Records from a collection:
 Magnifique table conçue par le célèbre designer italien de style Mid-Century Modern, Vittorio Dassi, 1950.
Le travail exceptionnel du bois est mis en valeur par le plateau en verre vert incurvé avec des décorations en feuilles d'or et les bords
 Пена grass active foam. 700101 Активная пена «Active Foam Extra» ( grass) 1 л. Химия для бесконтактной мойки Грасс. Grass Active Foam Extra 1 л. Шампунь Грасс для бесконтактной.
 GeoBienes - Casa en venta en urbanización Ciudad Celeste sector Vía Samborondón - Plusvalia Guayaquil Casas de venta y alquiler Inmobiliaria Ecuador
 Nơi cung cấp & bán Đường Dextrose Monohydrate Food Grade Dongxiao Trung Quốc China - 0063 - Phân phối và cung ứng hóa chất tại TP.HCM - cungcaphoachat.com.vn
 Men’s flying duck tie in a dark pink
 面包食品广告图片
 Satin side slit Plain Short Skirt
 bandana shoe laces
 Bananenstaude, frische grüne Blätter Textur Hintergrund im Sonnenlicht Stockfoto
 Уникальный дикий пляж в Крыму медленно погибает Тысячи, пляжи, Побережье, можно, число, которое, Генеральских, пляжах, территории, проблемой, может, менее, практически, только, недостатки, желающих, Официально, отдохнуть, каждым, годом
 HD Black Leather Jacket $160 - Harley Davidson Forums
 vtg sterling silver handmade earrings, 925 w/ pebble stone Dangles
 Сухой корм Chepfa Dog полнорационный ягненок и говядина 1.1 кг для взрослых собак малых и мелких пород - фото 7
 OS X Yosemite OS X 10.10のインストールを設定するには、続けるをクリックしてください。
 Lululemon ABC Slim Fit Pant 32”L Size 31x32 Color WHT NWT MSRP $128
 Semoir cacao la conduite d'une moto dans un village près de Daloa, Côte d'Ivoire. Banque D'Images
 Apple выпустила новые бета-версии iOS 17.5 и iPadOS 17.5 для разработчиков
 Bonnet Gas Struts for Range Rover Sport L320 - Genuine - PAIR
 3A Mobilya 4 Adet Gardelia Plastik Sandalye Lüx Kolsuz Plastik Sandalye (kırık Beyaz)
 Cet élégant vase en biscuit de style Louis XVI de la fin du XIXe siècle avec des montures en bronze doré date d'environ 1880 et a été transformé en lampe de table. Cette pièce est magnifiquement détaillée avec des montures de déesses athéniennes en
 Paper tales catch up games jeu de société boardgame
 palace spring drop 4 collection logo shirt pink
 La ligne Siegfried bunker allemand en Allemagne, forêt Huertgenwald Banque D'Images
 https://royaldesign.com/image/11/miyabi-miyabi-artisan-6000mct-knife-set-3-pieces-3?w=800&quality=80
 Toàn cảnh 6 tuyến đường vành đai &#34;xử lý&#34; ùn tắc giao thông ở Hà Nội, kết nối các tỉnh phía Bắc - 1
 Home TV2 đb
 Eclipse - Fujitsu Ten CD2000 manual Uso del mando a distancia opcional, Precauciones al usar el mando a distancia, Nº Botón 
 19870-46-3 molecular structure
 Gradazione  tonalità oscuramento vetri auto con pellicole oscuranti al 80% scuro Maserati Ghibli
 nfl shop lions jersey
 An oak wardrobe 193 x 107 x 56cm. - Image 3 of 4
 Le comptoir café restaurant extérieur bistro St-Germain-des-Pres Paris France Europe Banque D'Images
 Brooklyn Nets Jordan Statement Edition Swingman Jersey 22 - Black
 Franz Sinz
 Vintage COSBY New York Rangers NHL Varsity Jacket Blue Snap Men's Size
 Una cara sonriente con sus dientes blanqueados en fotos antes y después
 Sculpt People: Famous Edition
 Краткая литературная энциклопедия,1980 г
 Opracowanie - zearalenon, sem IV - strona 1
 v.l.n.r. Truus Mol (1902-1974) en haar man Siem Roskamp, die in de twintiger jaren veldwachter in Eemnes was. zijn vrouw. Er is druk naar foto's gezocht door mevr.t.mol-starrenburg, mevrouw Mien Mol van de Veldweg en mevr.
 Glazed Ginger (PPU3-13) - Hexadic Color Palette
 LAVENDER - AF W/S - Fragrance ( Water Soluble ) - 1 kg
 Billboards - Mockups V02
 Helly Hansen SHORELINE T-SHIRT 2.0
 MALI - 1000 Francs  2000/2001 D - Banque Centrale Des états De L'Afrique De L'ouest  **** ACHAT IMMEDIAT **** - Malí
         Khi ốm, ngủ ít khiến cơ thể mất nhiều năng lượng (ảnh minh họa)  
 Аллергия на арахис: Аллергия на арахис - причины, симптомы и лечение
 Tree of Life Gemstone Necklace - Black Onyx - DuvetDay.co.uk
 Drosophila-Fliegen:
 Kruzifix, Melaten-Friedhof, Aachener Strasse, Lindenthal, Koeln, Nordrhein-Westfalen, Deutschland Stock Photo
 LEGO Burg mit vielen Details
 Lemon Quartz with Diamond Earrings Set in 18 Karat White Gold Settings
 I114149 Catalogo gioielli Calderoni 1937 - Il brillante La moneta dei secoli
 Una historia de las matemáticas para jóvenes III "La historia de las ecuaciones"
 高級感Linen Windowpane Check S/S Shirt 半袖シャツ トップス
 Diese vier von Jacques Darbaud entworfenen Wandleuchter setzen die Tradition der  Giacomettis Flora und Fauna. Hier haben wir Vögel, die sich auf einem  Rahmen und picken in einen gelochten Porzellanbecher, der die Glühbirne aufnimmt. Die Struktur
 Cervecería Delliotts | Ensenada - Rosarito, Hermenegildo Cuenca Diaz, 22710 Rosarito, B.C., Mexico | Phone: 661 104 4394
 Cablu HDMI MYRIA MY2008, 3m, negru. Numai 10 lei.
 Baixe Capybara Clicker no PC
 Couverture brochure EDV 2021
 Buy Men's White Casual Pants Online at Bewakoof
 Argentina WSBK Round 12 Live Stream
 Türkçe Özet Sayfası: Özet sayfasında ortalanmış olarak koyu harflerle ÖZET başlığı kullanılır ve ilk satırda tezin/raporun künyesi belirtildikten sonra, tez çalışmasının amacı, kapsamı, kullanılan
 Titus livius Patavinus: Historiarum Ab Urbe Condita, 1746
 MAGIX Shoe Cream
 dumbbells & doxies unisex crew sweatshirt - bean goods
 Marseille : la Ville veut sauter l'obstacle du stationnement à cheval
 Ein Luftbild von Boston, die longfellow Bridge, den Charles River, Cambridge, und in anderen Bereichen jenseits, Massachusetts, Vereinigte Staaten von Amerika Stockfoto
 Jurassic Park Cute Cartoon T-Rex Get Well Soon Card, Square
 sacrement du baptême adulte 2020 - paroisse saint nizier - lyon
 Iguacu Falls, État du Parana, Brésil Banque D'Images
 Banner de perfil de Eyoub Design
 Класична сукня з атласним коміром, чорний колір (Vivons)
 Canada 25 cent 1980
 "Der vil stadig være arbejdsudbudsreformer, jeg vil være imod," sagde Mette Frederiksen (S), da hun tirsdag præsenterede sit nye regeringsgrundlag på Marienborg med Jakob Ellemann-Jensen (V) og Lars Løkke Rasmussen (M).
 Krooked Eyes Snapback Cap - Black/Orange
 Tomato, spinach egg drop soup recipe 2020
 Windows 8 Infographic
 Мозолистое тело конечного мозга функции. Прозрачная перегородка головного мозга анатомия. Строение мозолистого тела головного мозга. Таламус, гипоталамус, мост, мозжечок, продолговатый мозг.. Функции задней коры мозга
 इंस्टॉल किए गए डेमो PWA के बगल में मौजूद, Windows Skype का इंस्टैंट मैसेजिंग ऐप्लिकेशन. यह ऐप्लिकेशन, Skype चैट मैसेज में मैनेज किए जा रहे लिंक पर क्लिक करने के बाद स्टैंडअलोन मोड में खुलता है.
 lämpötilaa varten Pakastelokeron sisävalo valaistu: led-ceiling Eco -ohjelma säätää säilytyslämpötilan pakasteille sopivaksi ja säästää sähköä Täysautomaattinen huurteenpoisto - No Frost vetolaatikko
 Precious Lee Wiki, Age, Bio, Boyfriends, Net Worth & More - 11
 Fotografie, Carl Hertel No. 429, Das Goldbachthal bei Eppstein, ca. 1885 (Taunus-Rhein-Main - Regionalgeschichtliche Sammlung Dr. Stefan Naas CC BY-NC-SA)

◆ How to complete this task
Which lines above run from the one containing "Brooklyn Nets Jordan" down to the one containing "Glazed Ginger (PPU3-13)"? Repeat exactly those, both ends included, and nothing else.

◆ Output for this task
 Brooklyn Nets Jordan Statement Edition Swingman Jersey 22 - Black
 Franz Sinz
 Vintage COSBY New York Rangers NHL Varsity Jacket Blue Snap Men's Size
 Una cara sonriente con sus dientes blanqueados en fotos antes y después
 Sculpt People: Famous Edition
 Краткая литературная энциклопедия,1980 г
 Opracowanie - zearalenon, sem IV - strona 1
 v.l.n.r. Truus Mol (1902-1974) en haar man Siem Roskamp, die in de twintiger jaren veldwachter in Eemnes was. zijn vrouw. Er is druk naar foto's gezocht door mevr.t.mol-starrenburg, mevrouw Mien Mol van de Veldweg en mevr.
 Glazed Ginger (PPU3-13) - Hexadic Color Palette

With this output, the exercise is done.